╭─ RAW DATA

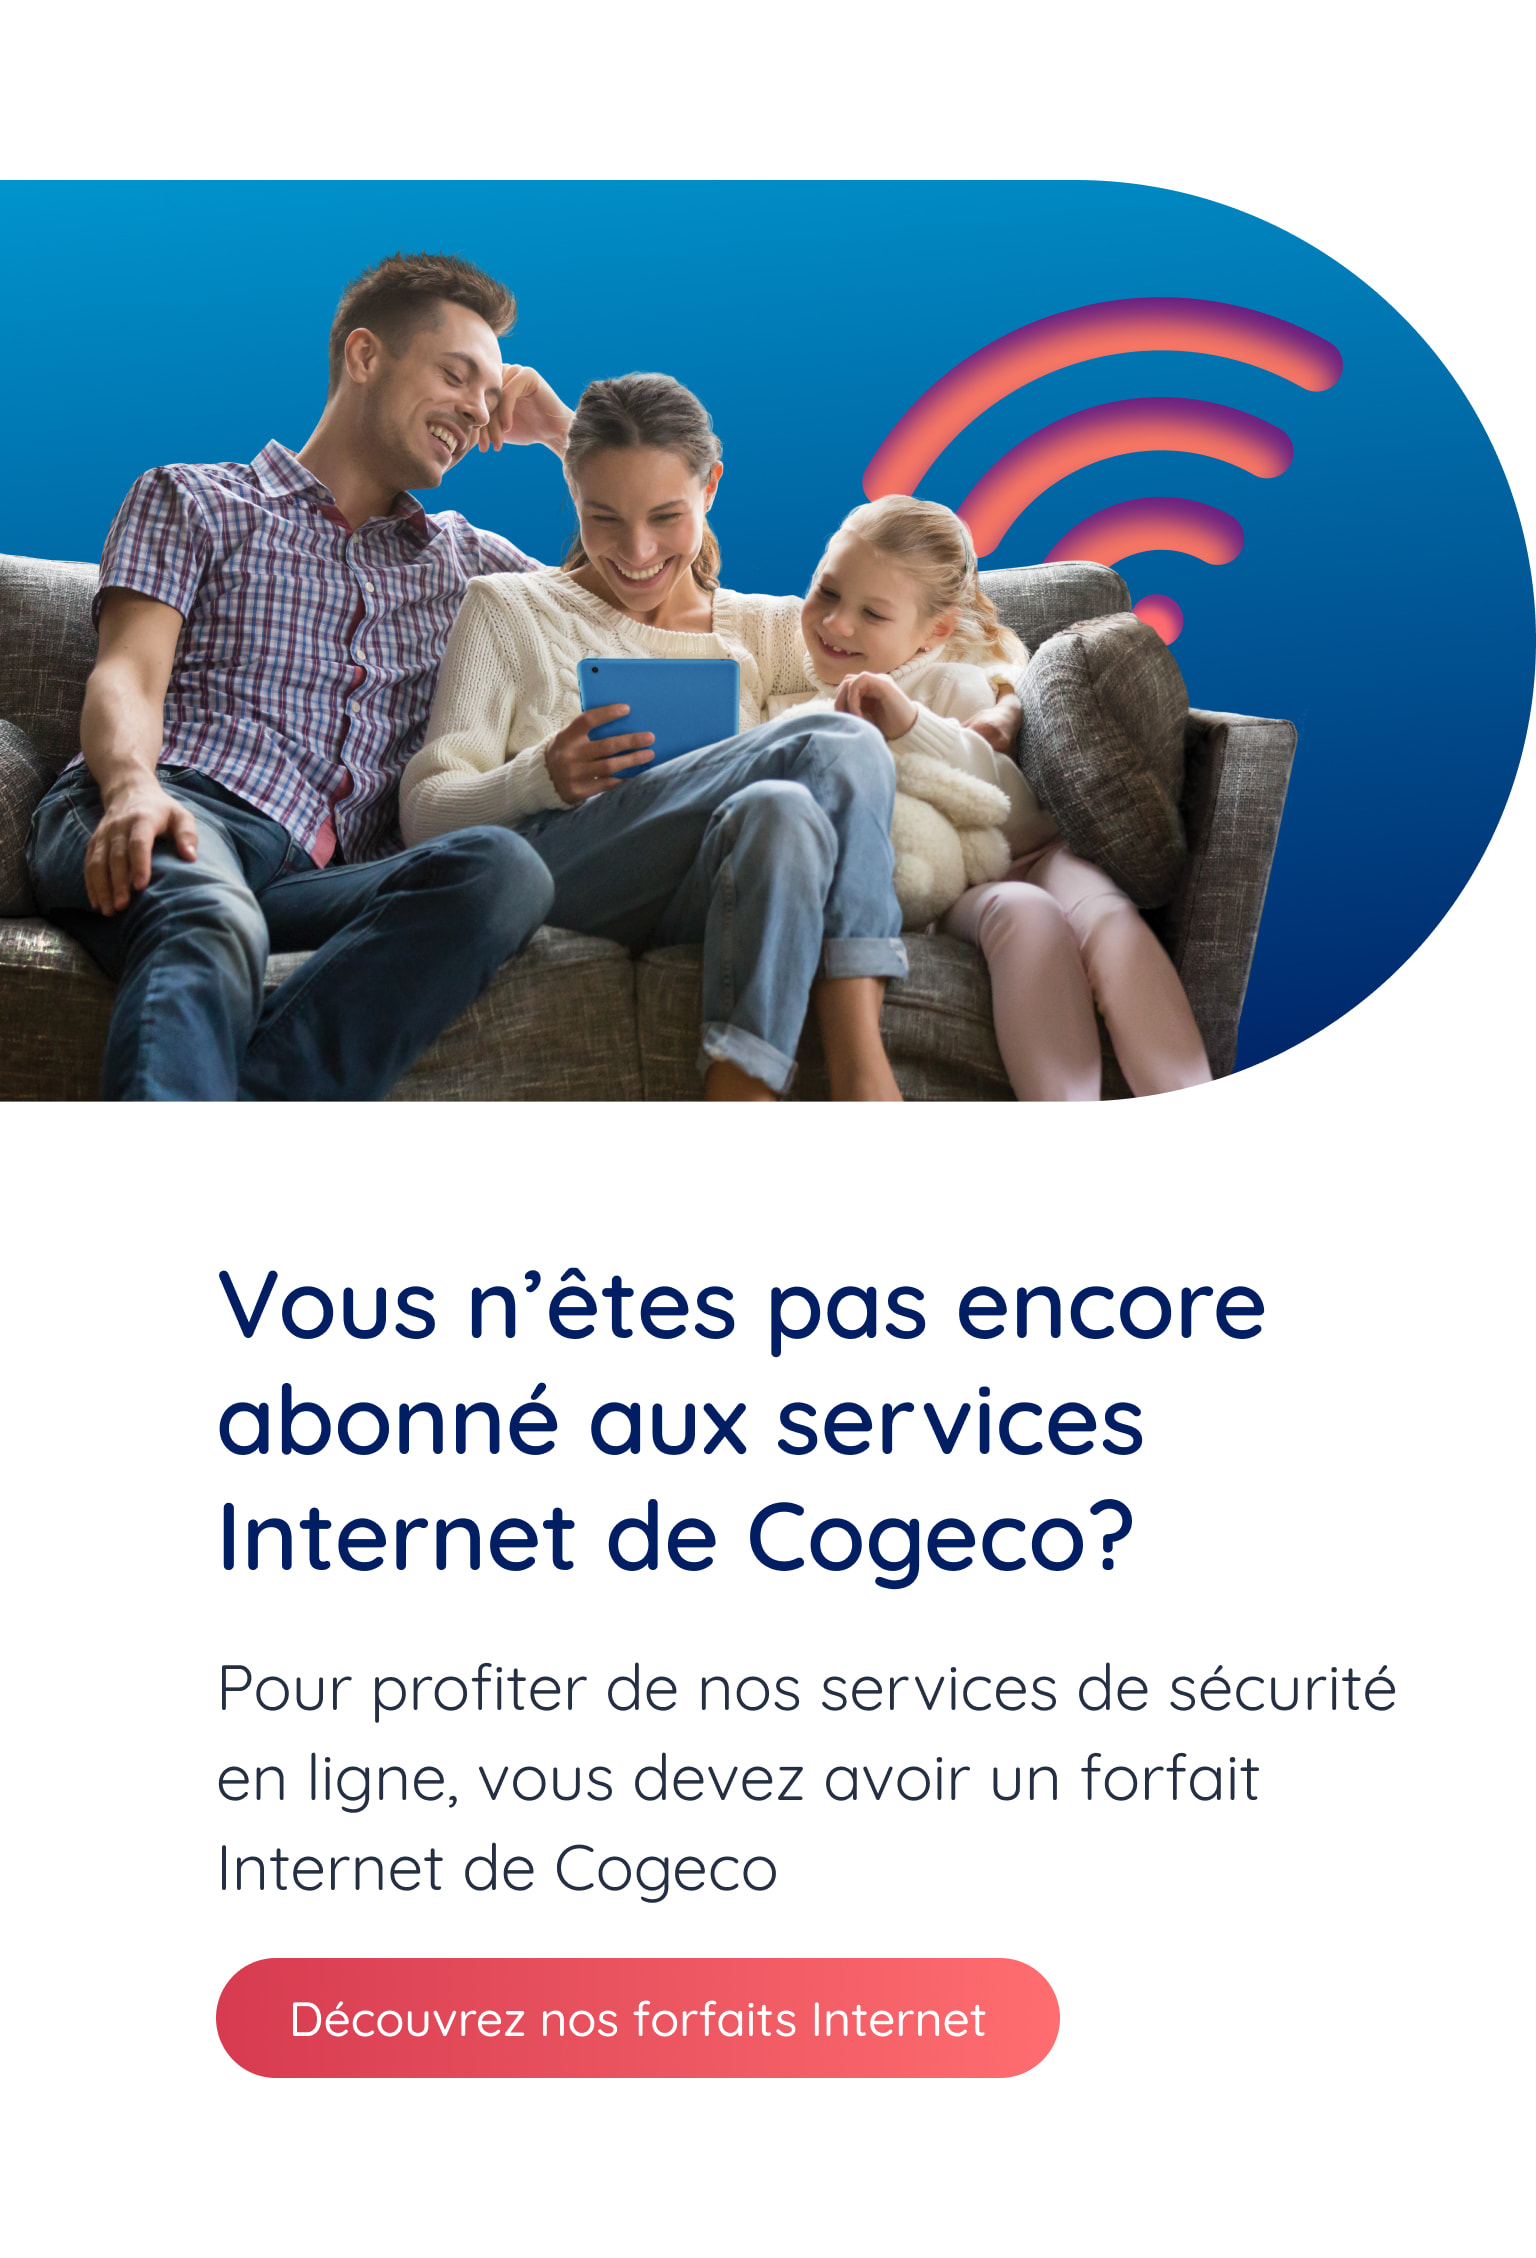 Vous n'êtes pas encore abonné aux services Internet de Cogeco? Pour profiter de nos services de sécurité en ligne, vous devez avoir un forfait Internet de Cogeco. Découvrez nos forfaits Internet
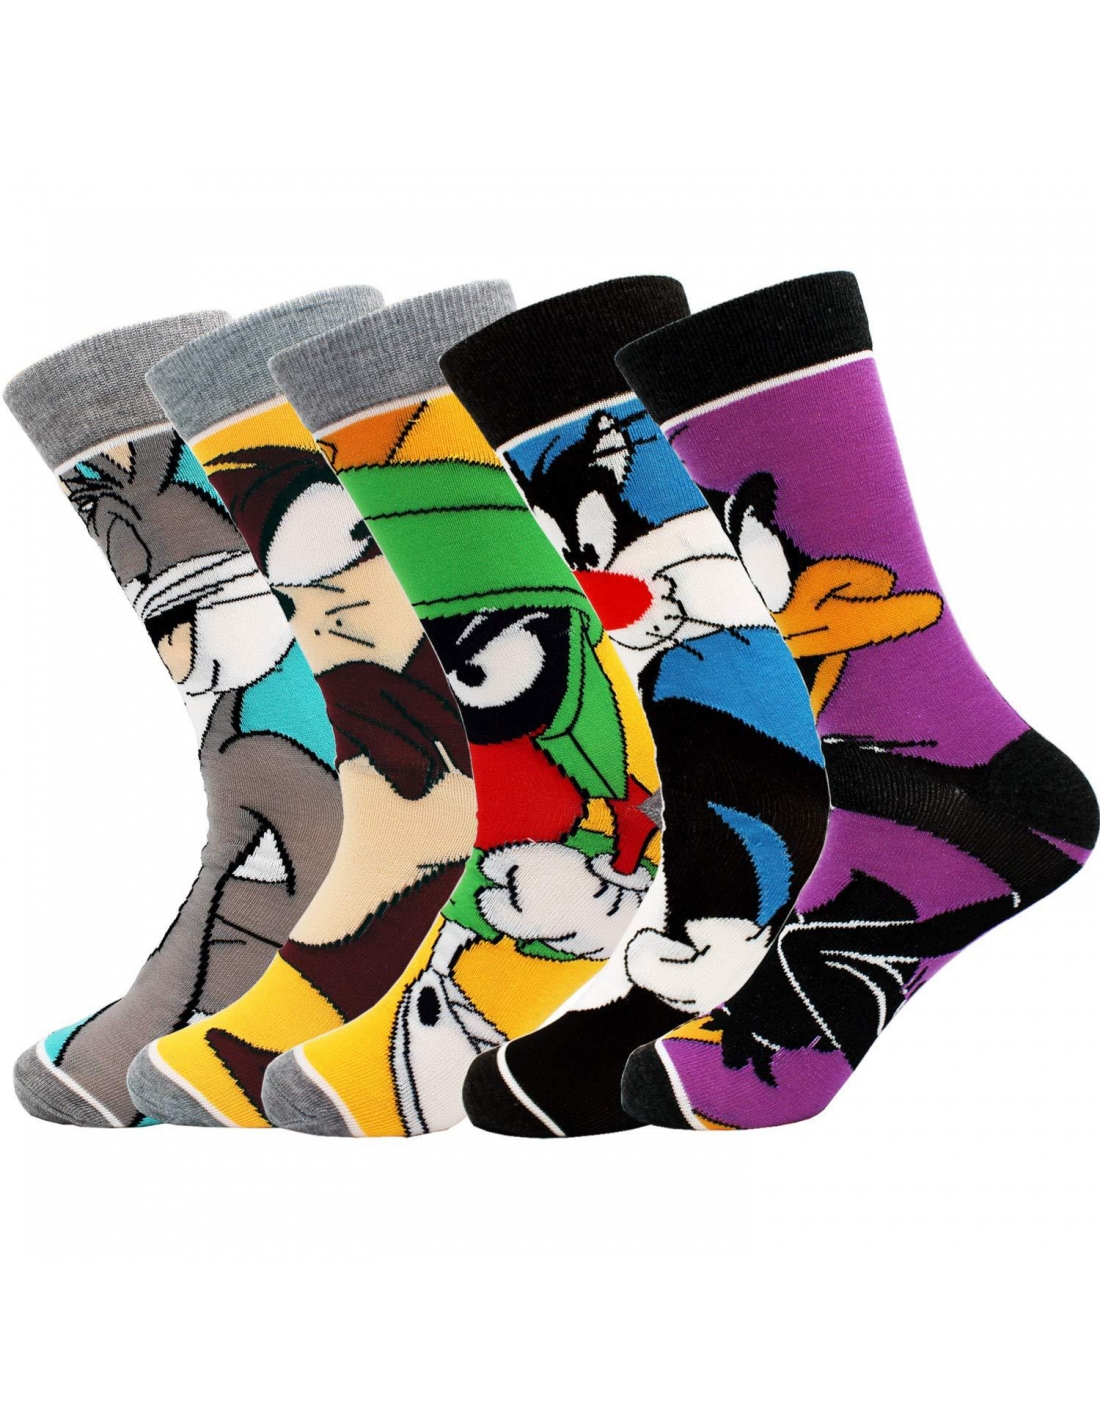 Gremlins - Calcetines para hombre, diseño de dibujos animados y personajes  a rayas, paquete de 2 calcetines para adultos, Varios colores
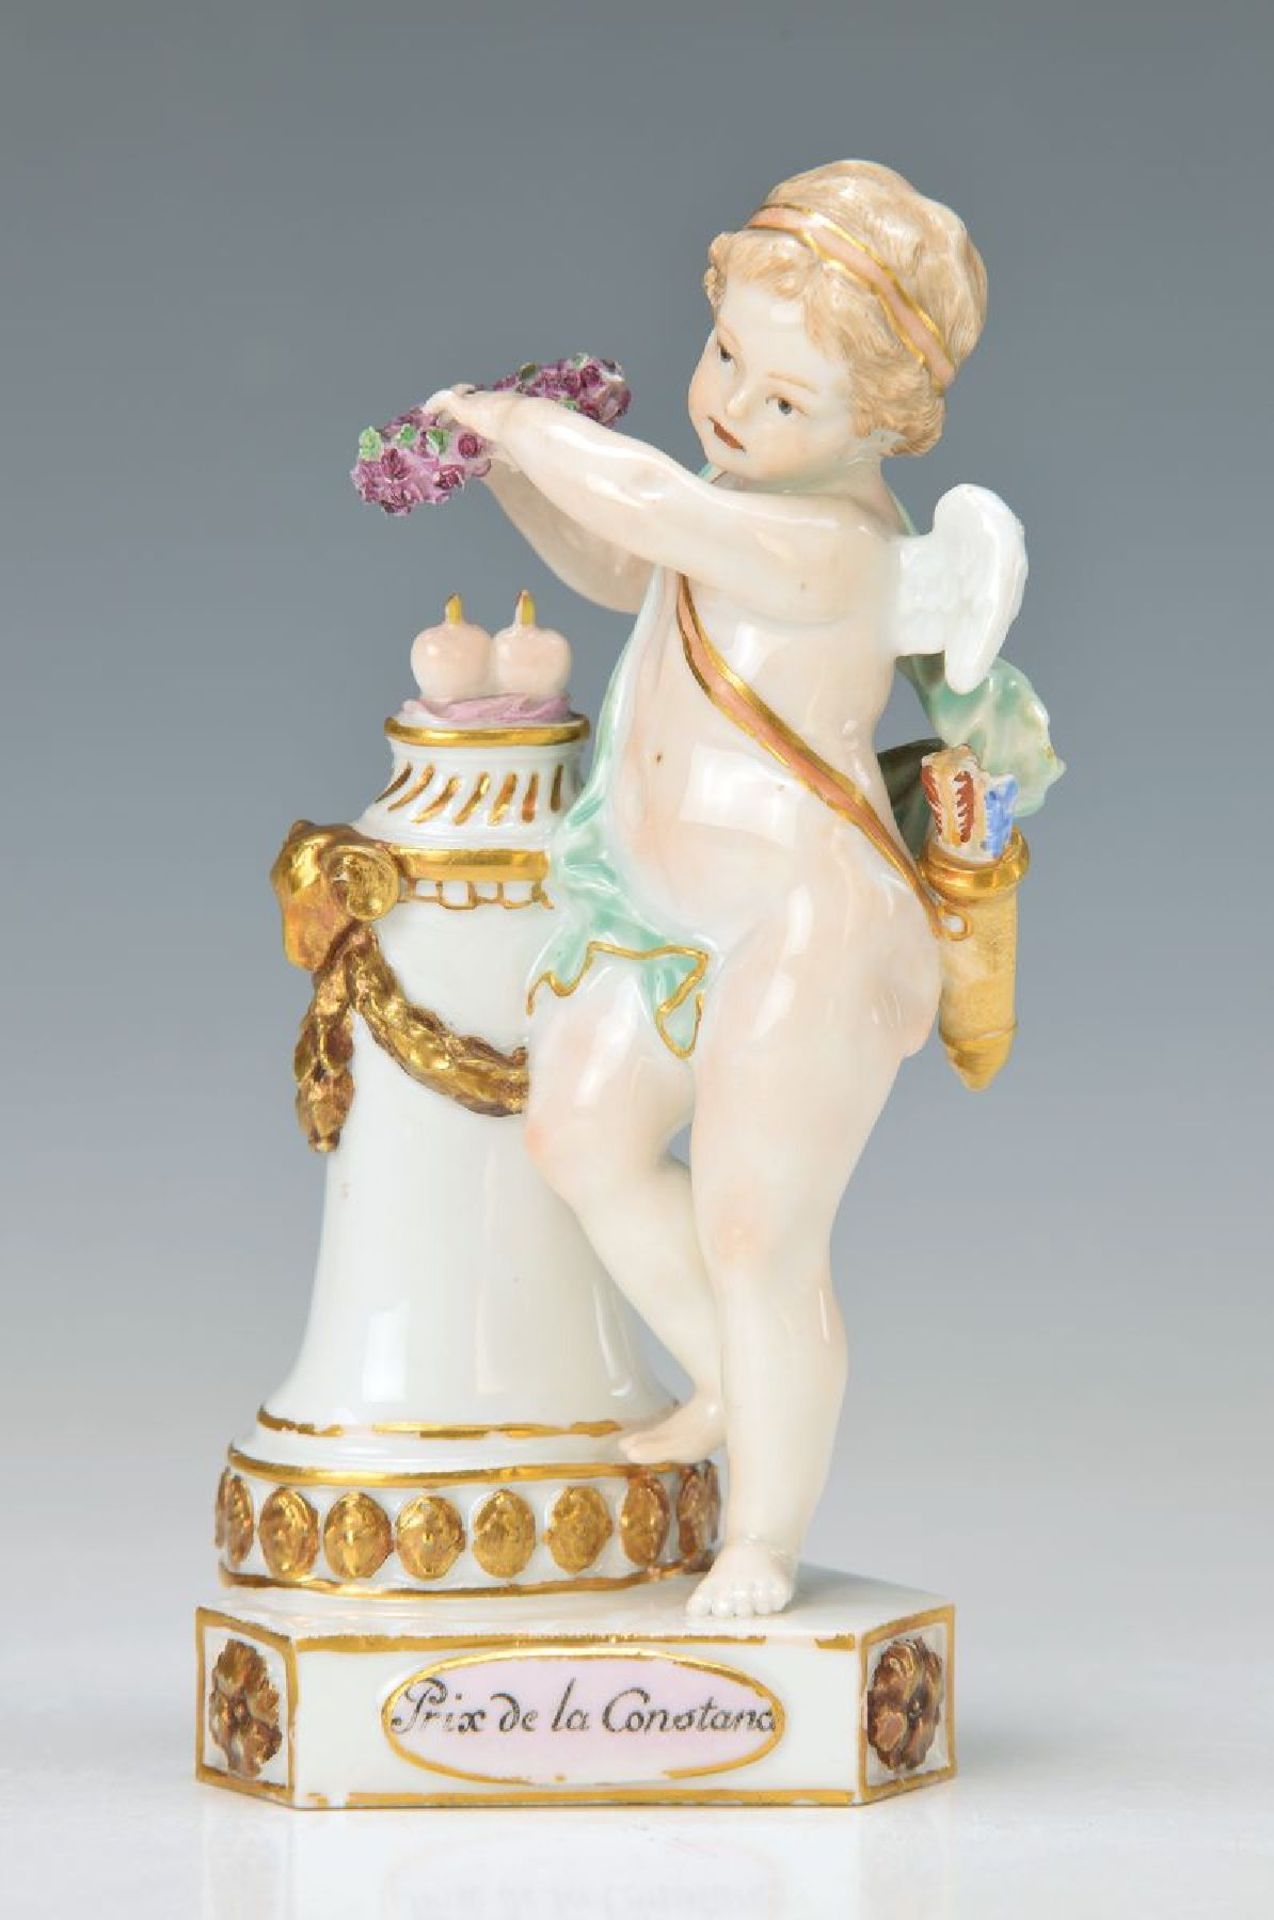 Porzellanfigur, Meissen, Marcolini, um 1773-1814, Devisenkind "Prix de la Constance", Amorette mit

╰─

DIRECTIONS FOR THIS TASK
Write out every line above exactly as it is, leaving out the pictures.

PROBLEM SOLUTION
 Vous n'êtes pas encore abonné aux services Internet de Cogeco? Pour profiter de nos services de sécurité en ligne, vous devez avoir un forfait Internet de Cogeco. Découvrez nos forfaits Internet
 Gremlins - Calcetines para hombre, diseño de dibujos animados y personajes  a rayas, paquete de 2 calcetines para adultos, Varios colores
 Porzellanfigur, Meissen, Marcolini, um 1773-1814, Devisenkind "Prix de la Constance", Amorette mit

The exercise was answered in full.